Потом лабух снова играл, вновь возвращался к предмету вожделения, и по мере приближения ночи уже наверняка знал, достиг ли он желанной цели. Фагот обладал безошибочным чутьём – протягивал женщине руку только в полной уверенности, что его ладонь ощутит ответное пожатие, и в этот миг он своё обретённое (обречённое) сокровище умыкал – стремительно вёл к выходу (у дверей наготове ждала бирюзовая «Лада»),  и пока  швейцары с вышибалами отсекали спохватившихся прежних спутников дамы, она бесследно исчезала. А Фагот гнал авто по ночной  Москве к ВДНХ, где напротив железного дуэта с серпом и молотом,  на последнем этаже многоквартирного дома на ножках, располагался  его альков. И говорил, говорил – в машине и выходя из неё, поднимаясь  в лифте, отпирая квартиру: о музыке, о страсти, о любви... Едва дверь захлопывалась, как разгоряченную потоком красноречия даму мигом  охлаждал заранее заготовленный ушат ледяной воды: «А теперь, тварь, раздевайся!»...
Что происходило дальше, читателю придётся дорисовать  своим воображением – свидетелей, понятно, при этом не было, однако некоторые детали можем добавить. Дверь в квартире Фагота с внутренней стороны не имела ни ручки, ни видимого замка, и дама быстро осознавала своё положение. В панике начав метаться по жилищу, обнаруживала, что единственная комната, застеленная медвежьими шкурами, представляла собой огромную сплошную постель, попытка укрыться в ванной тоже спасения не сулила, так как и там отсутствовал запор, и последним убежищем оставалась кухня. А здесь тётёху поджидал сюрприз: загнав её в угол, Фагот, в случае дальнейшей несговорчивости,  открывал все краны газовой плиты: «Умрём вместе!» Травиться насмерть таким способом долго и скучно, но воняет пропан из баллона убедительно (в этом доме электроплиты),  а в качестве последнего аргумента к обезумевшим глазам упрямицы подносилась зажигалка (естественно, без кремня), и музыкантский палец замирал  на рифлёном колёсике, готовясь высечь смертоносную искру...
Тут великий режиссёр Станиславский  наверняка крикнул бы своё знаменитое «Не верю!» и был бы абсолютно прав, поскольку в классической МХАТовской постановке дама,  приехав ночью из ресторана к едва знакомому кавалеру, вполне сознательно готова на всё, и незачем её пугать столь садистским образом. Но, в отличие от Опанаса и Додика, которые в своём творчестве руководствовались общероссийской системой переживания, Фагот  исповедовал западную школу представления, а она требовала любви на фоне шока.
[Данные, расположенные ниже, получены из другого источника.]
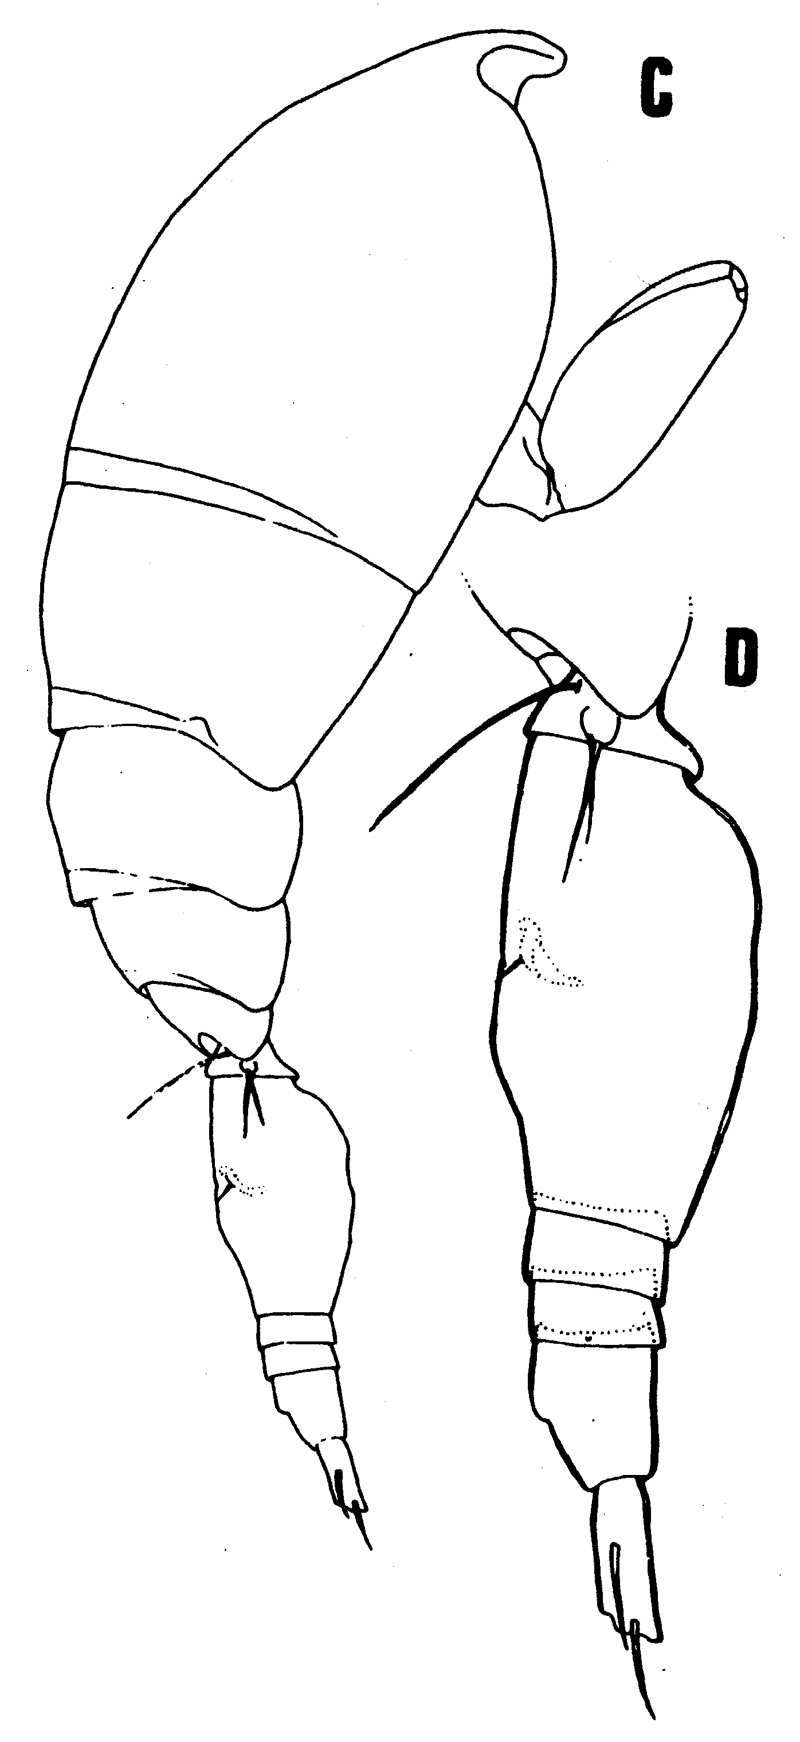 Species Oncaea illgi - Plate 1 of morphological figures

И рисковал лабух куда больше: многократно оказывался  бит  (хорошо ещё, сохранил от увечья музыкальные руки), каким-то чудом избежал уголовного финала...

Загадочные всё же они были ребята: родившись в самой несексуальной стране мира, добровольно взвалили на себя тяжкое бремя приобщения широких слоёв прекрасной половины населения к Эросу, отдали этому  великому делу лучшие годы своей жизни, отказываясь от массы простых  житейских радостей, часто в ущерб собственному здоровью, а главное – без всякой надежды на благодарную память потомков. Так пусть герои нашего повествования, подлинные виртуозы Москвы, хоть ненадолго  удостоятся внимания читателя.
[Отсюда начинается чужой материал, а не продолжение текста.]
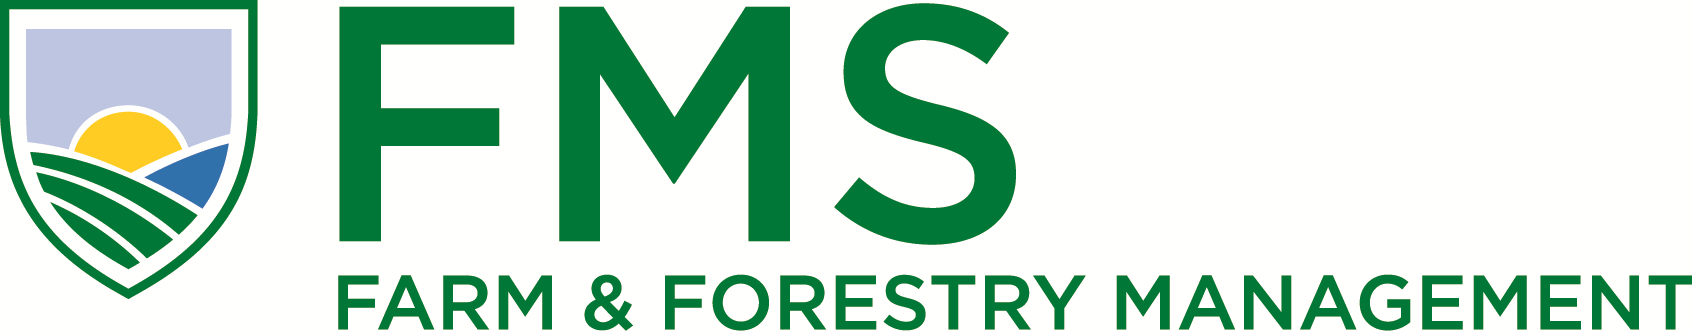 Resumo Público do Plano de Manejo Florestal Certificação em Grupo Farm and Forestry Management Services Brazil Consultoria Florestal

Фагот закончил свои эксперименты раньше других, к чему привела прискорбная осечка: кроткая с виду дама, изрядно наглотавшись газа, самообладания тем не менее не потеряла – метнула в оконное стекло табурет (лабух потом битый час стрясал мебель с дерева) и, пока совратитель в ужасе высматривал лежащий во дворе труп – выцарапала у него ключи и ускользнула. Фагота произошедшее столь потрясло, что он потерял покой и ринулся на поиски дамы, чьё имя даже спросить не  успел. А когда через полгода разыскал-таки свою недотрогу – предложил ей руку  и сердце, и, как ни странно, добился взаимности. Теперь у них двое сыновей, вполне благополучная семья: Фагот давно бросил музыку, открыл собственный ресторанчик в Беляеве.
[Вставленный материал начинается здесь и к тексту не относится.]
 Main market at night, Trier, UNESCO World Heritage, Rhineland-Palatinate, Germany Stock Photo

Опанас после образования СНГ отбыл в ридну Украину, направил свою мужскую мощь и умение налаживать контакты на благо самостийной родины.
А Додика недавно видели в городе Париже. Рассказывали, он постарел,  по-прежнему хранит на лице выражение вселенской печали, а услышав русскую речь, с французским шармом предлагает свои услуги российским туристкам:
     – Со во ку пле, мадам? Показать вам настоящий Париж?
Наверняка кто-то и соглашается.
     «Крокодил», № 3-2000 г.


ФОТО:   «Виртуозы Москвы»  /  «Книжка с картинками»,  2008 г.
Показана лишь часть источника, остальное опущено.